What was the speaker's initial approach to answering the question?
-The speaker initially did not have an immediate answer and asked for some time to research different parameters such as returns, volatility, drawdowns, and existing research.
Which two types of funds did the speaker ultimately recommend for a 2-fund portfolio?
-The speaker recommended a momentum fund and a value fund as the two types of funds for a 2-fund portfolio.
What is the concept of momentum in investing as explained in the script?
-Momentum in investing refers to the tendency of investments that have performed well to continue performing well for some more time, and similarly, those that have not done well to continue performing poorly in the short term.
How does the value investing style differ from the momentum style?
-Value investing focuses on identifying investments that are currently priced lower than their true worth, with a focus on research and long-term investment. In contrast, momentum investing looks for short-term price movements and trends.
Why are momentum and value strategies considered to be negatively correlated?
-Momentum and value strategies are considered negatively correlated because they are based on different market behaviors and investor reactions.

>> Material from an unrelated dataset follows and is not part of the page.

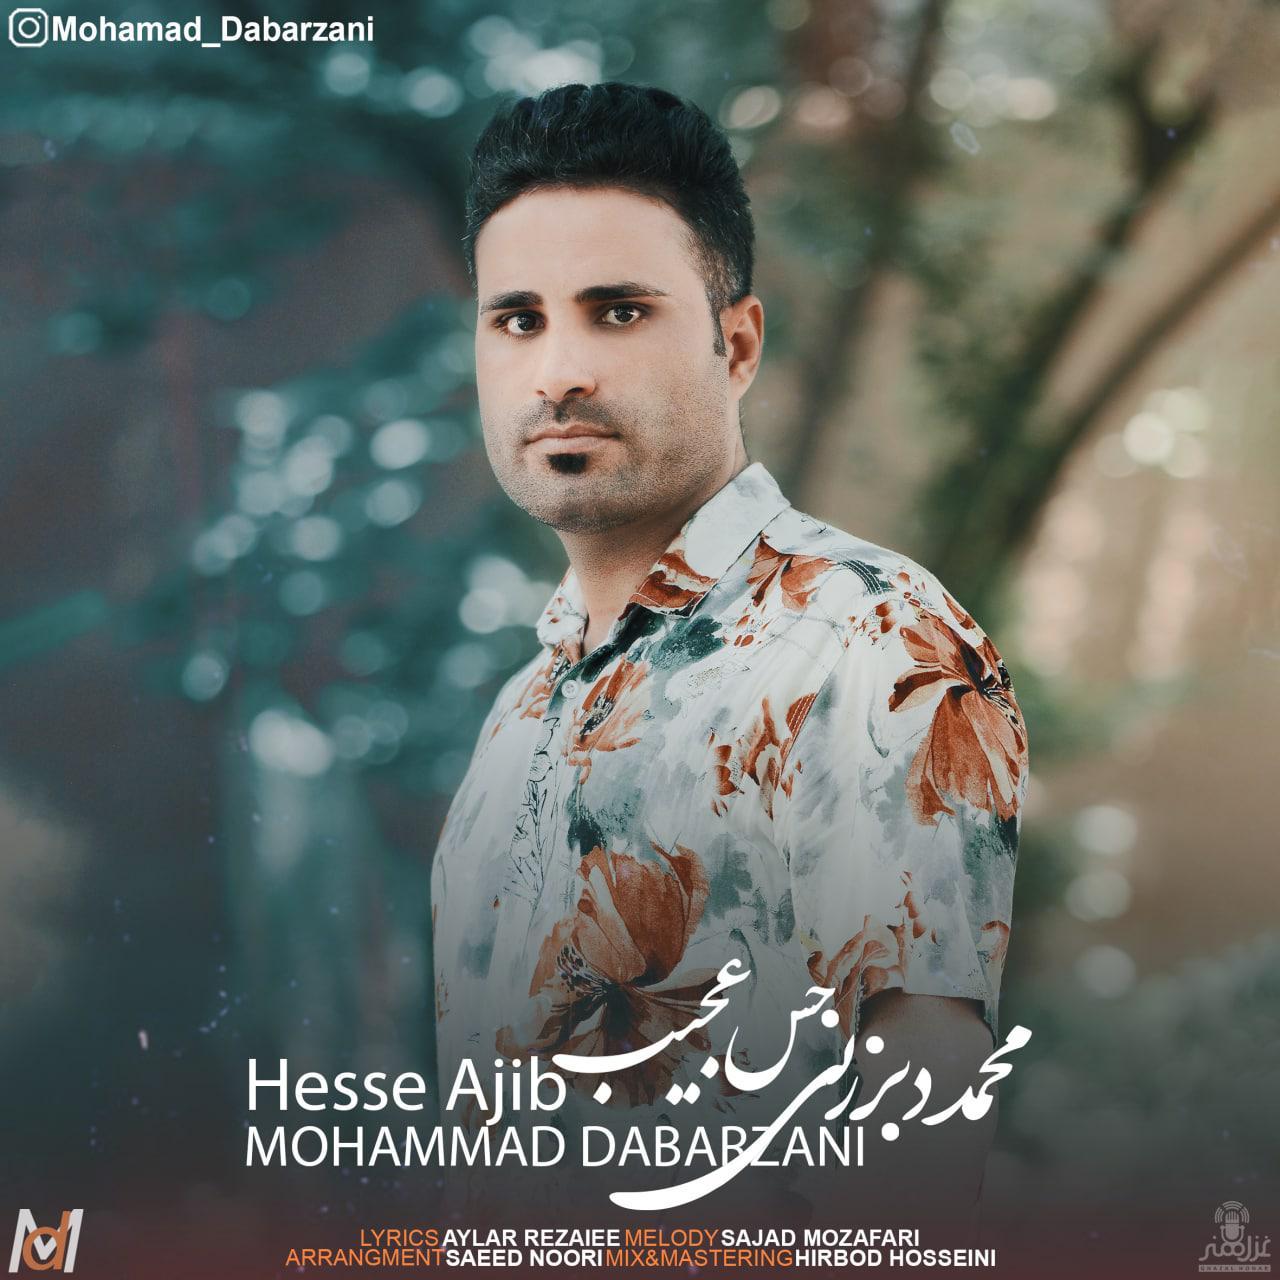 Mohammad Dabarzani – Hesse Ajib
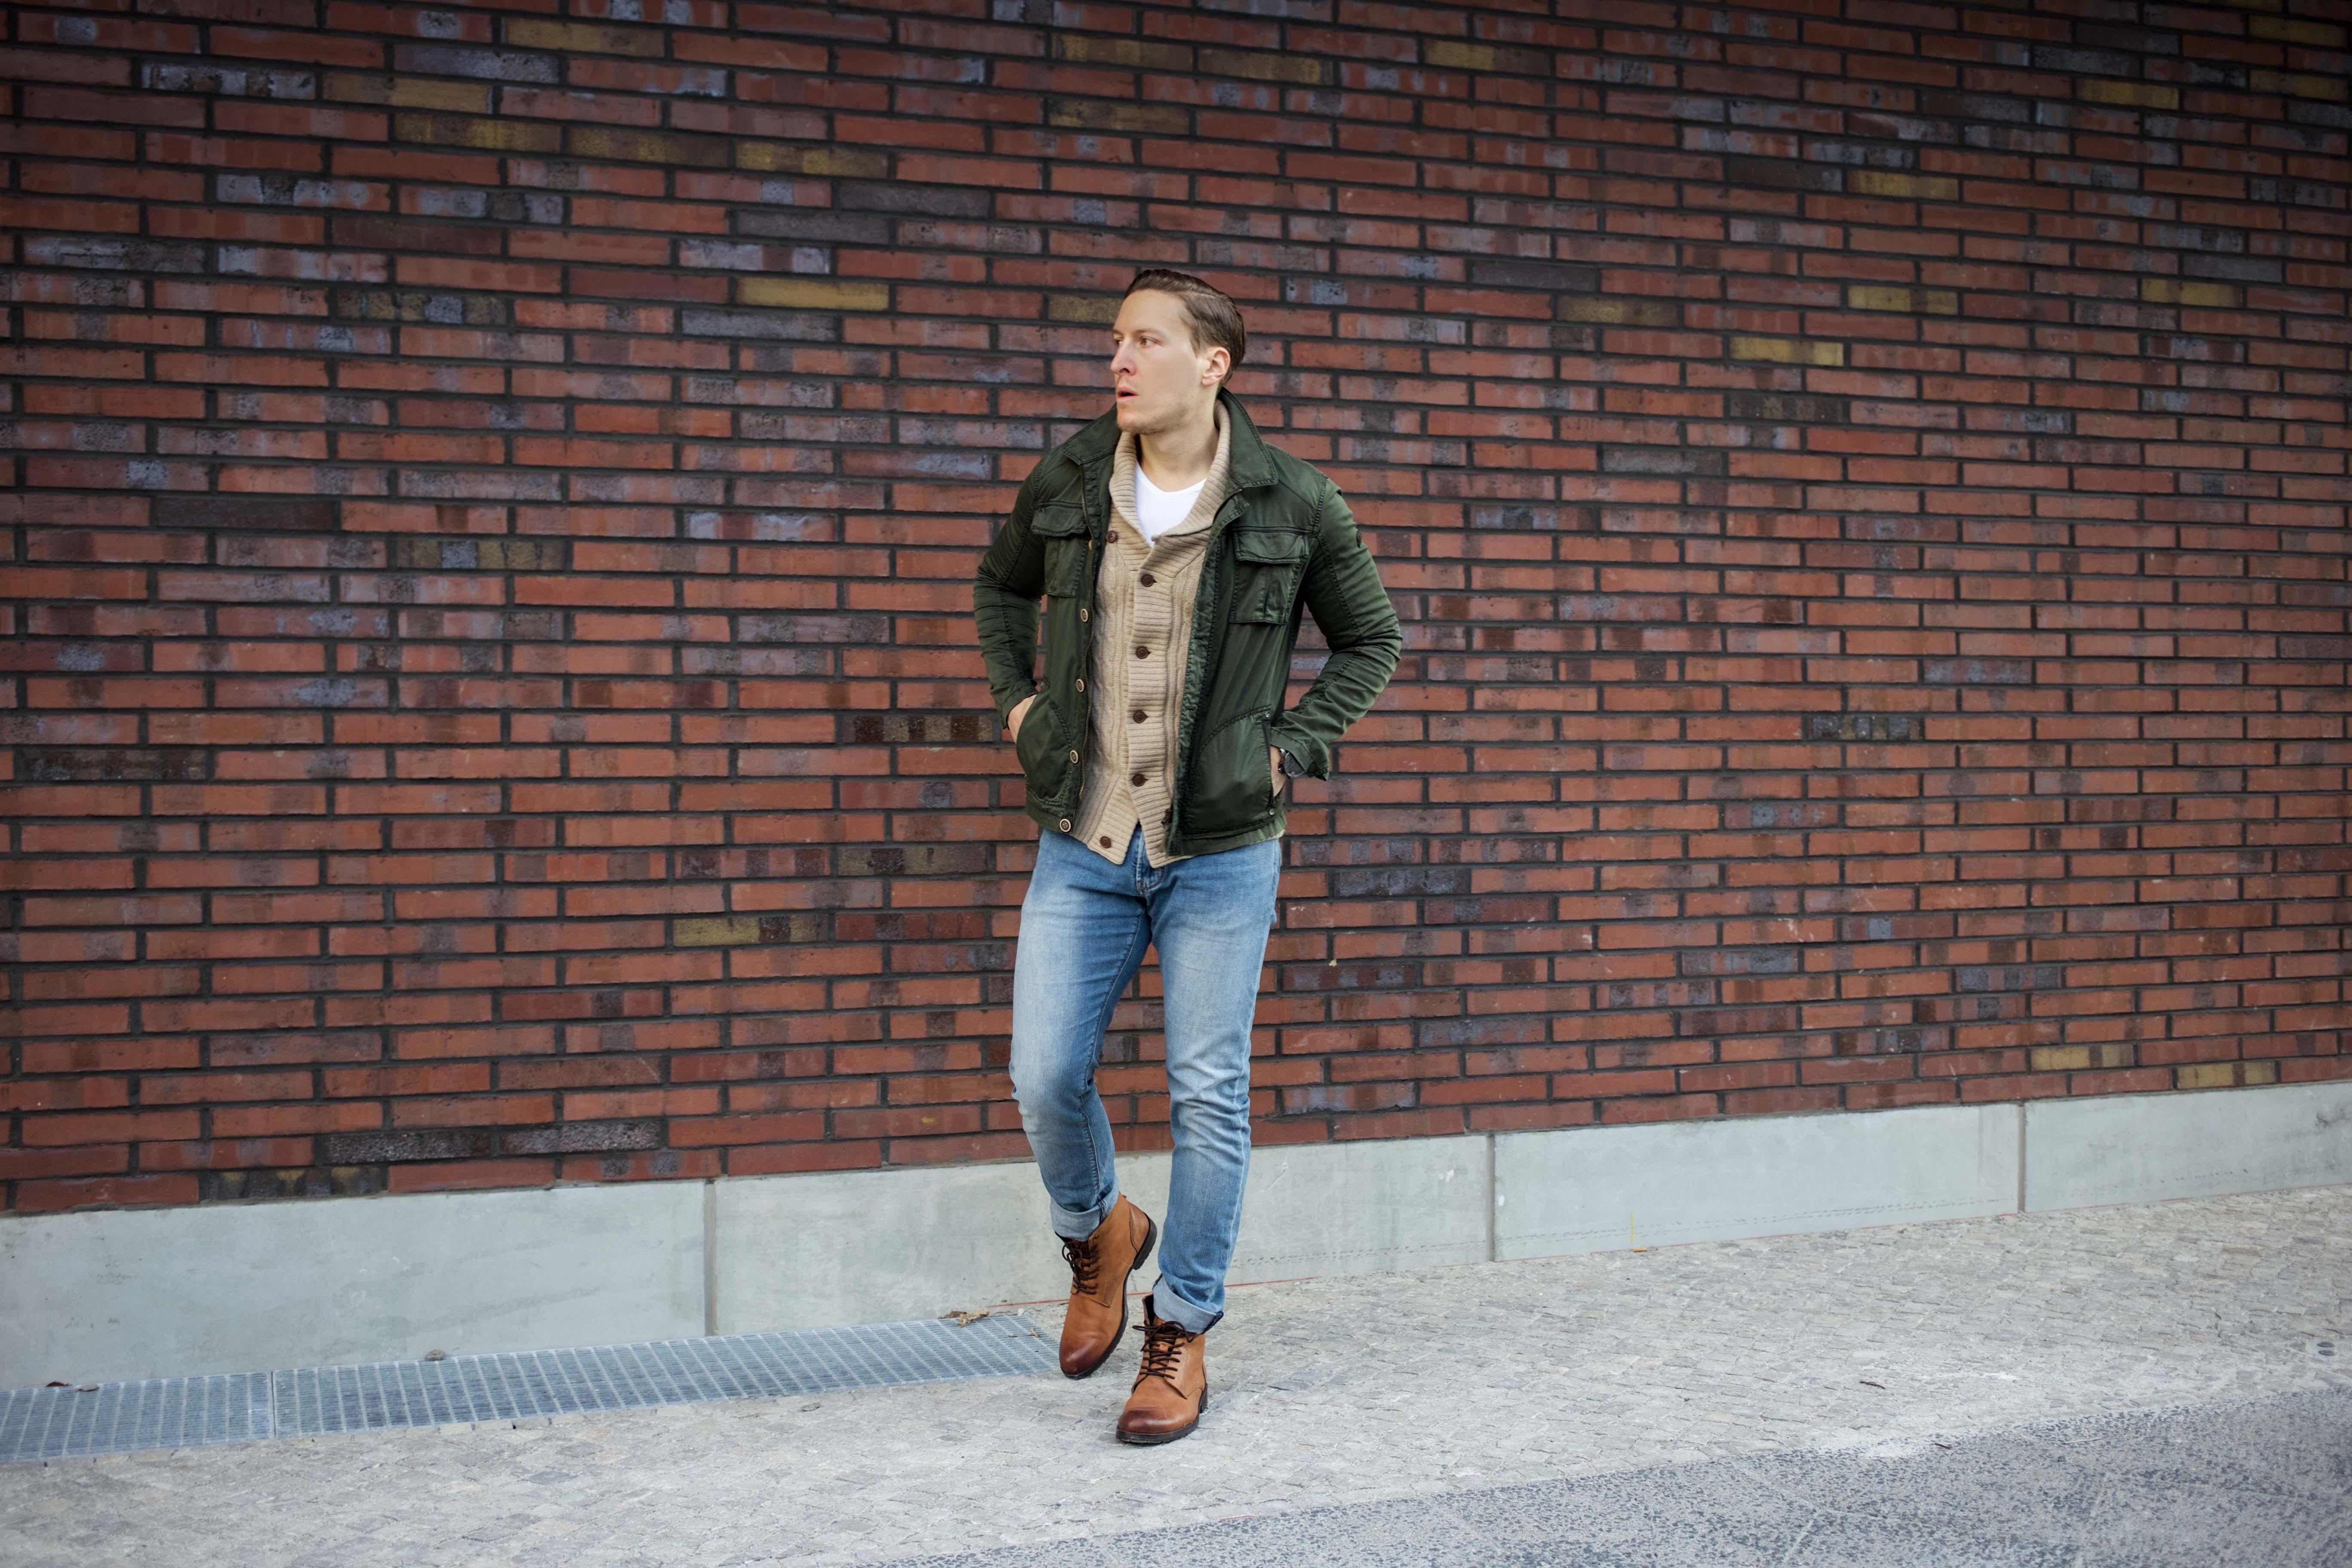 strickjacke-kombinieren-männer-beige-cardigan-blue-jeans-fashionblog-berlin-modeblog_8967

Momentum follows the trend of investments that are already performing well, while value seeks undervalued investments that may not be currently popular.
What is the significance of negative correlation in a 2-fund portfolio?
-Negative correlation in a 2-fund portfolio can help achieve a balance between returns and risk management, as the funds may perform well in different market conditions, thus potentially reducing overall portfolio volatility.
What was the result of the study comparing the performance of a momentum index and a value index?
-The study found that over a 17-year period, both the momentum index and the value index performed well independently, with the momentum strategy leading in terms of lumpsum and SIP performance as well as volatility.
What is the 'momentum based switch method' mentioned in the script?
-The 'momentum based switch method' is a strategy where the investor switches their investment between a momentum index and a value index based on the performance of the Nifty 200 Momentum 30 index. If the index goes up by 20% over a three-month period, the investor switches to the momentum strategy, and vice versa for a 20% drop.
What was the performance of the 'momentum based switch method' over a 17-year period?
-The 'momentum based switch method' resulted in a 17-year Compound Annual Growth Rate (CAGR) of 22.2%, which was 6% higher than the 50-50 combination method without switching.
What alternative approach did the speaker try using the PE ratio for switching between momentum and value strategies?
-The speaker tried a PE ratio based switching method where the investor would switch to a momentum strategy when the Nifty 50 PE ratio goes below 18 and switch to a value strategy when the ratio crosses 24.
What was the performance of the PE ratio based switching method over a 17-year period?
-The PE ratio based switching method resulted in a 17-year CAGR of 15.1%, which, while respectable, did not perform as well as the momentum based switch method.
What is the final recommendation for a 2-fund portfolio based on the script?
-The final recommendation is to have a combination of a momentum and a value fund in a 2-fund portfolio due to their high performance in isolation, weak correlation, and the potential to improve portfolio performance without adding to volatility.